▶ _PROVIDED MATERIAL_
::::::
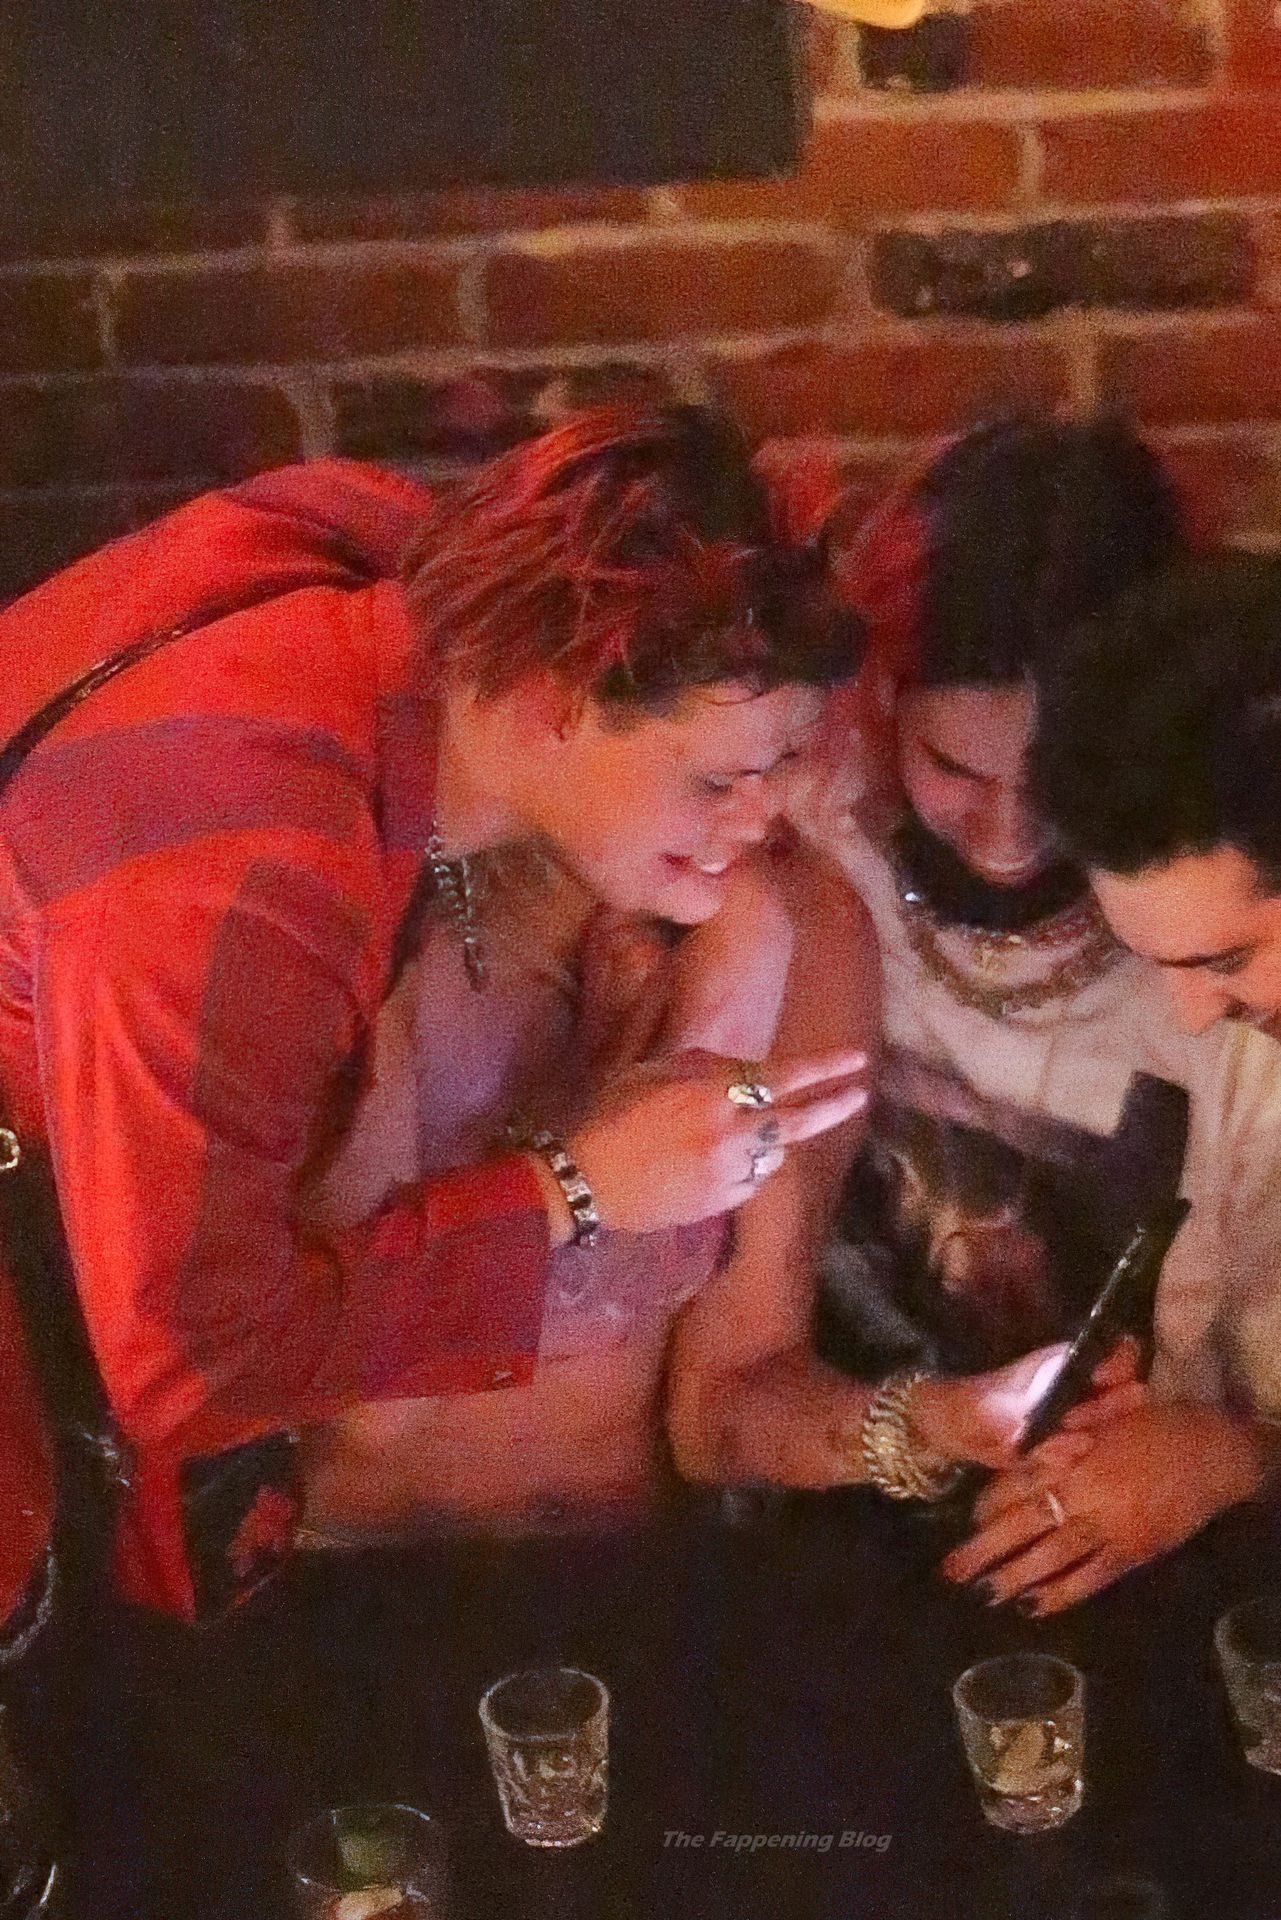 Miley Cyrus Sparks Dating Rumors as She is Seen Getting Very Frisky with Yungblud (64 Photo
s)
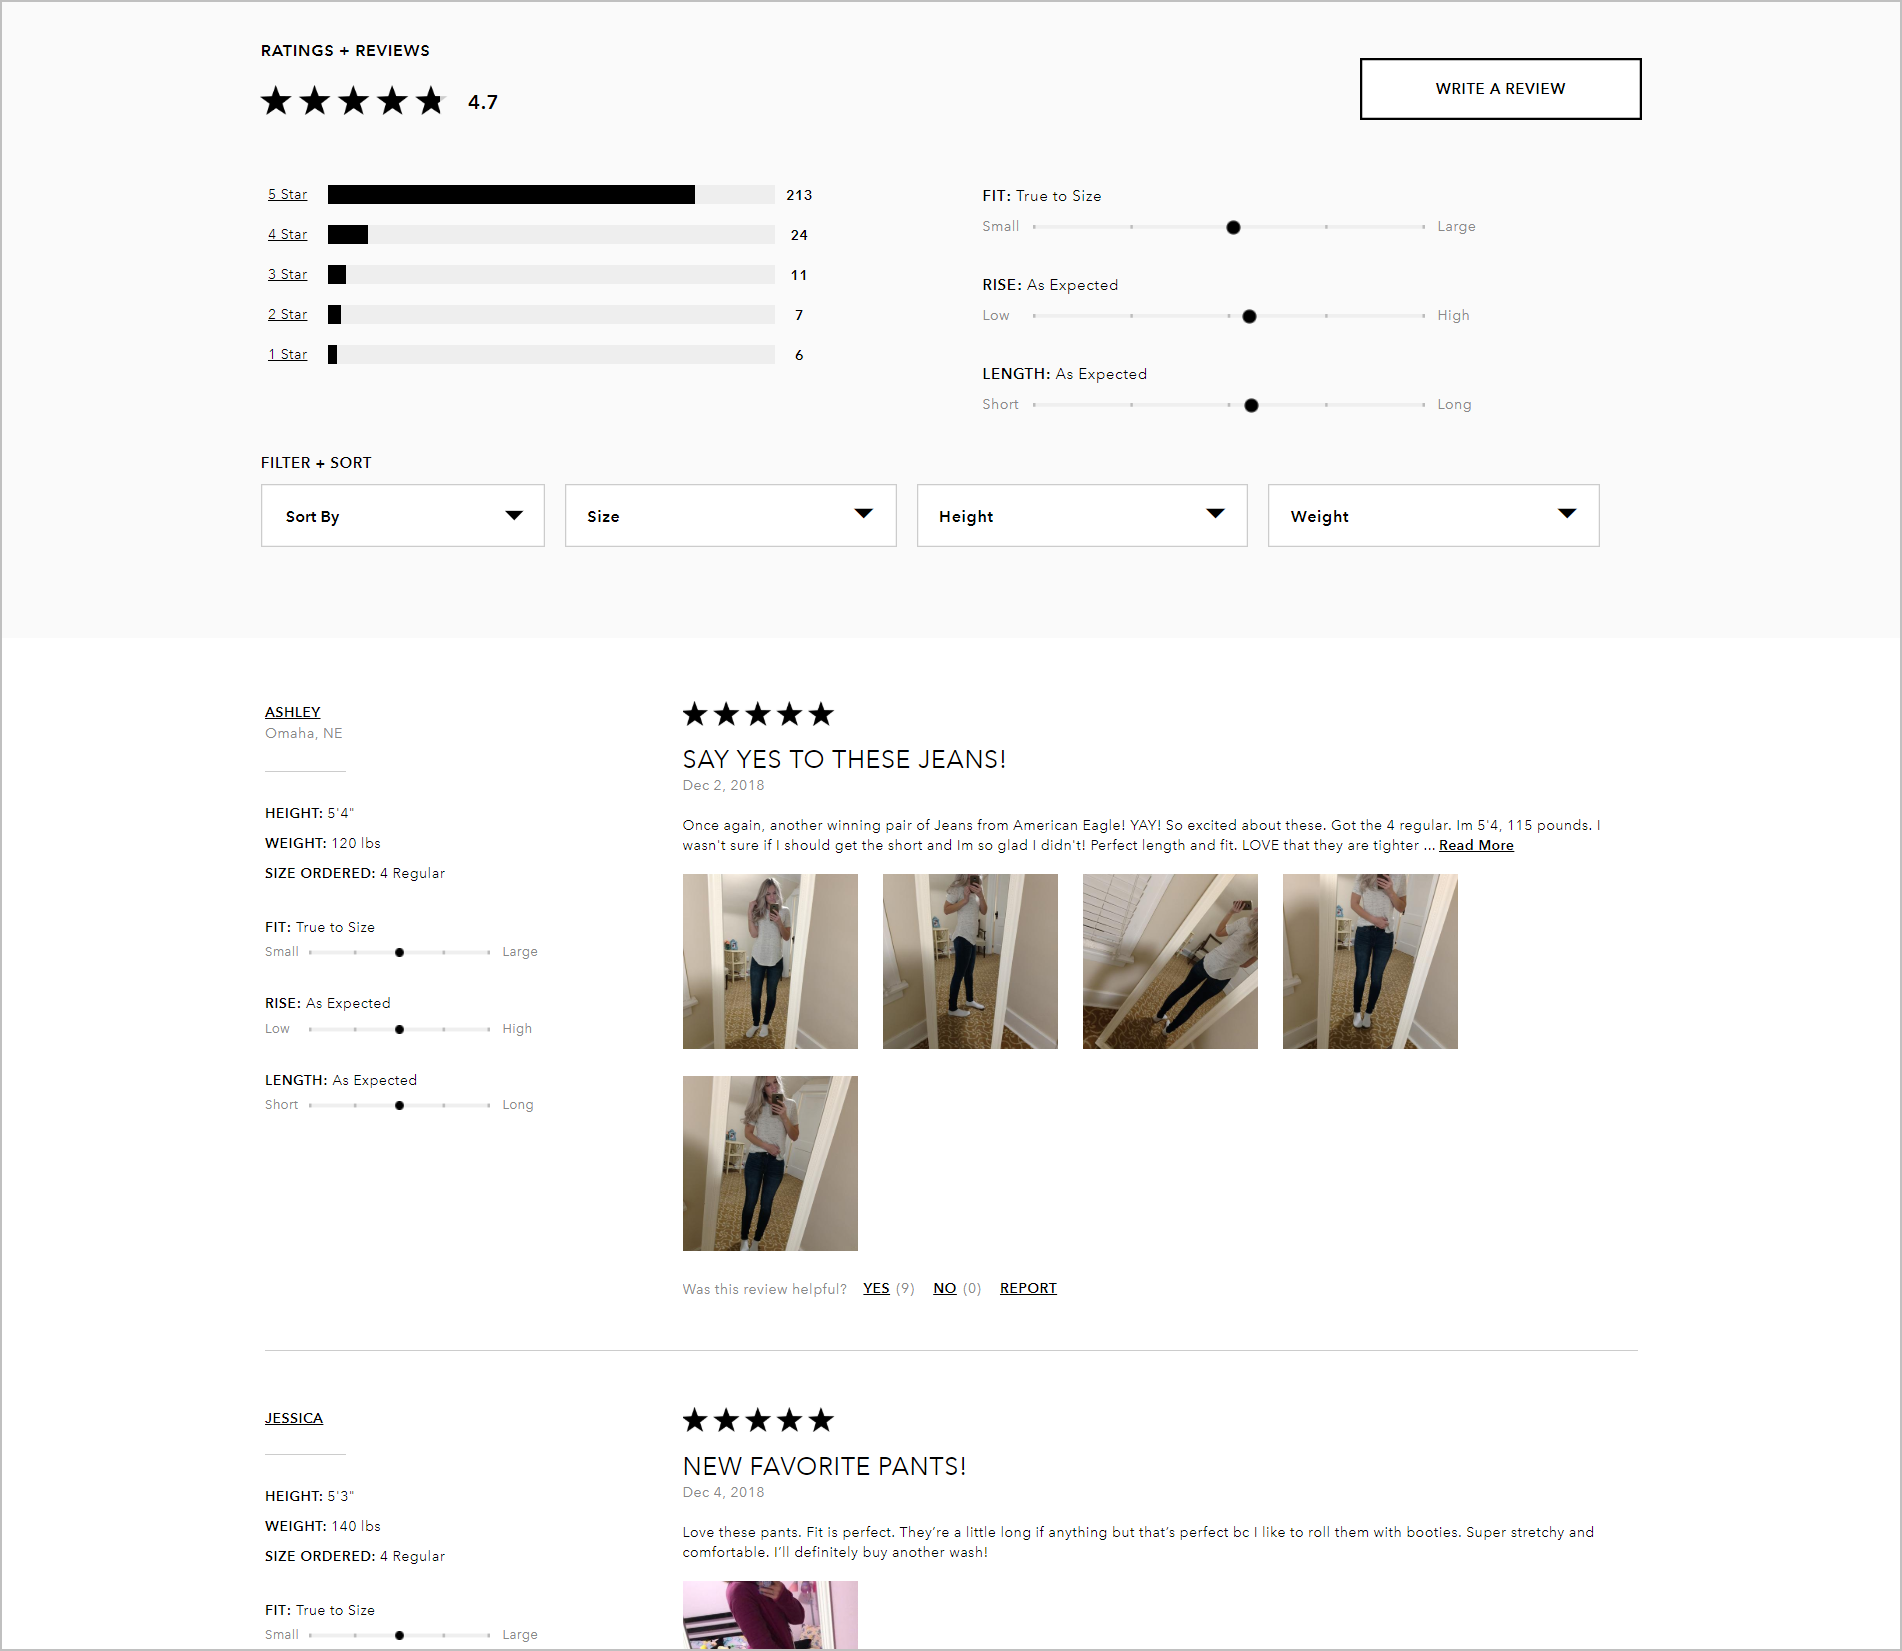 The ratings and reviews section of American Eagle's product detail page which allows users to filter and sort reviews by size, height, and weight of the reviewers. 
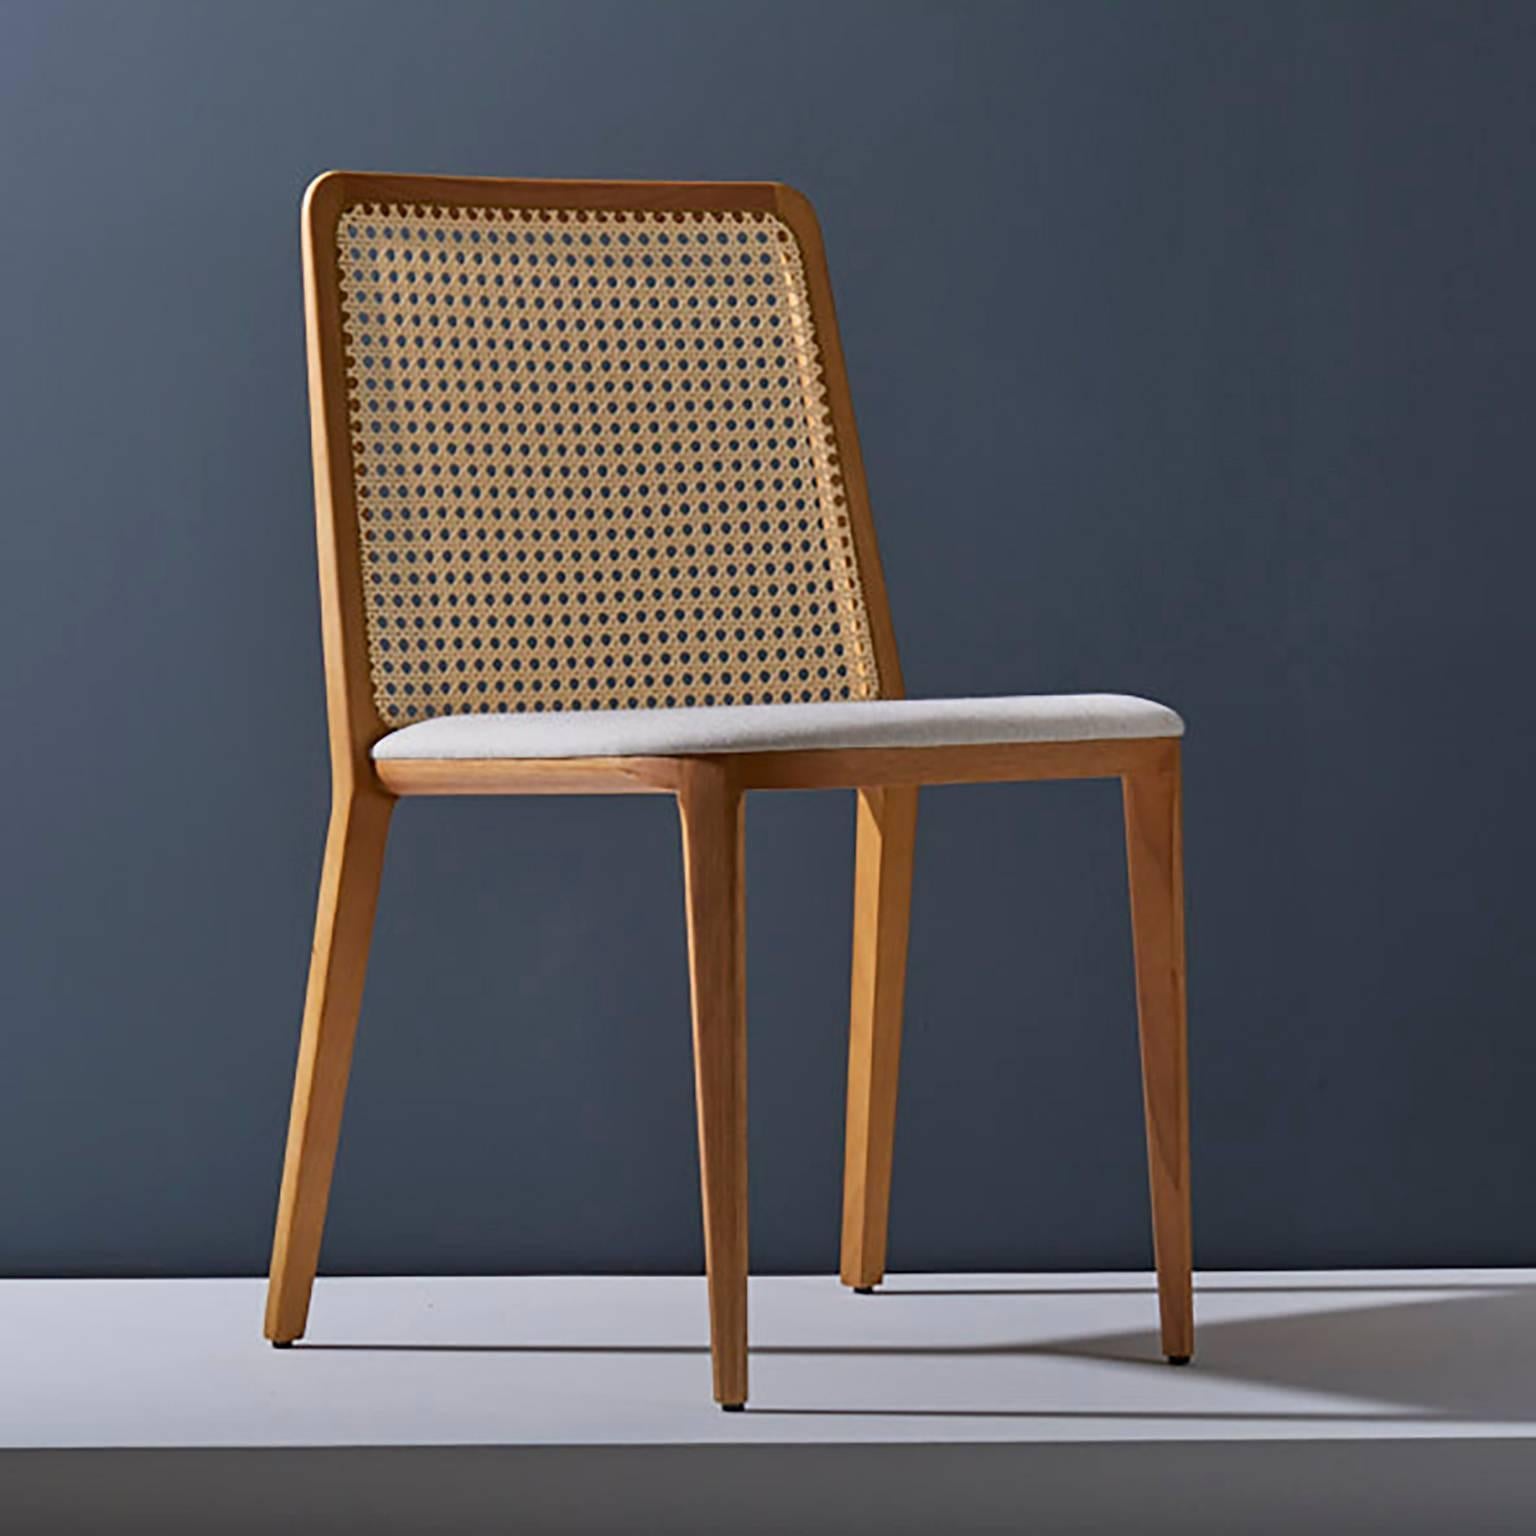 Contemporary Minimal Style, Solid Wood Chair, Leather or Textile Seating, Caning Backboard For Sale
::::::
▶ _PROBLEM DESCRIPTION_
A word-for-word copy of all the data is required, minus the pictures.

▶ _EXERCISE RESULT_
 Miley Cyrus Sparks Dating Rumors as She is Seen Getting Very Frisky with Yungblud (64 Photo
s)
 The ratings and reviews section of American Eagle's product detail page which allows users to filter and sort reviews by size, height, and weight of the reviewers. 
 Contemporary Minimal Style, Solid Wood Chair, Leather or Textile Seating, Caning Backboard For Sale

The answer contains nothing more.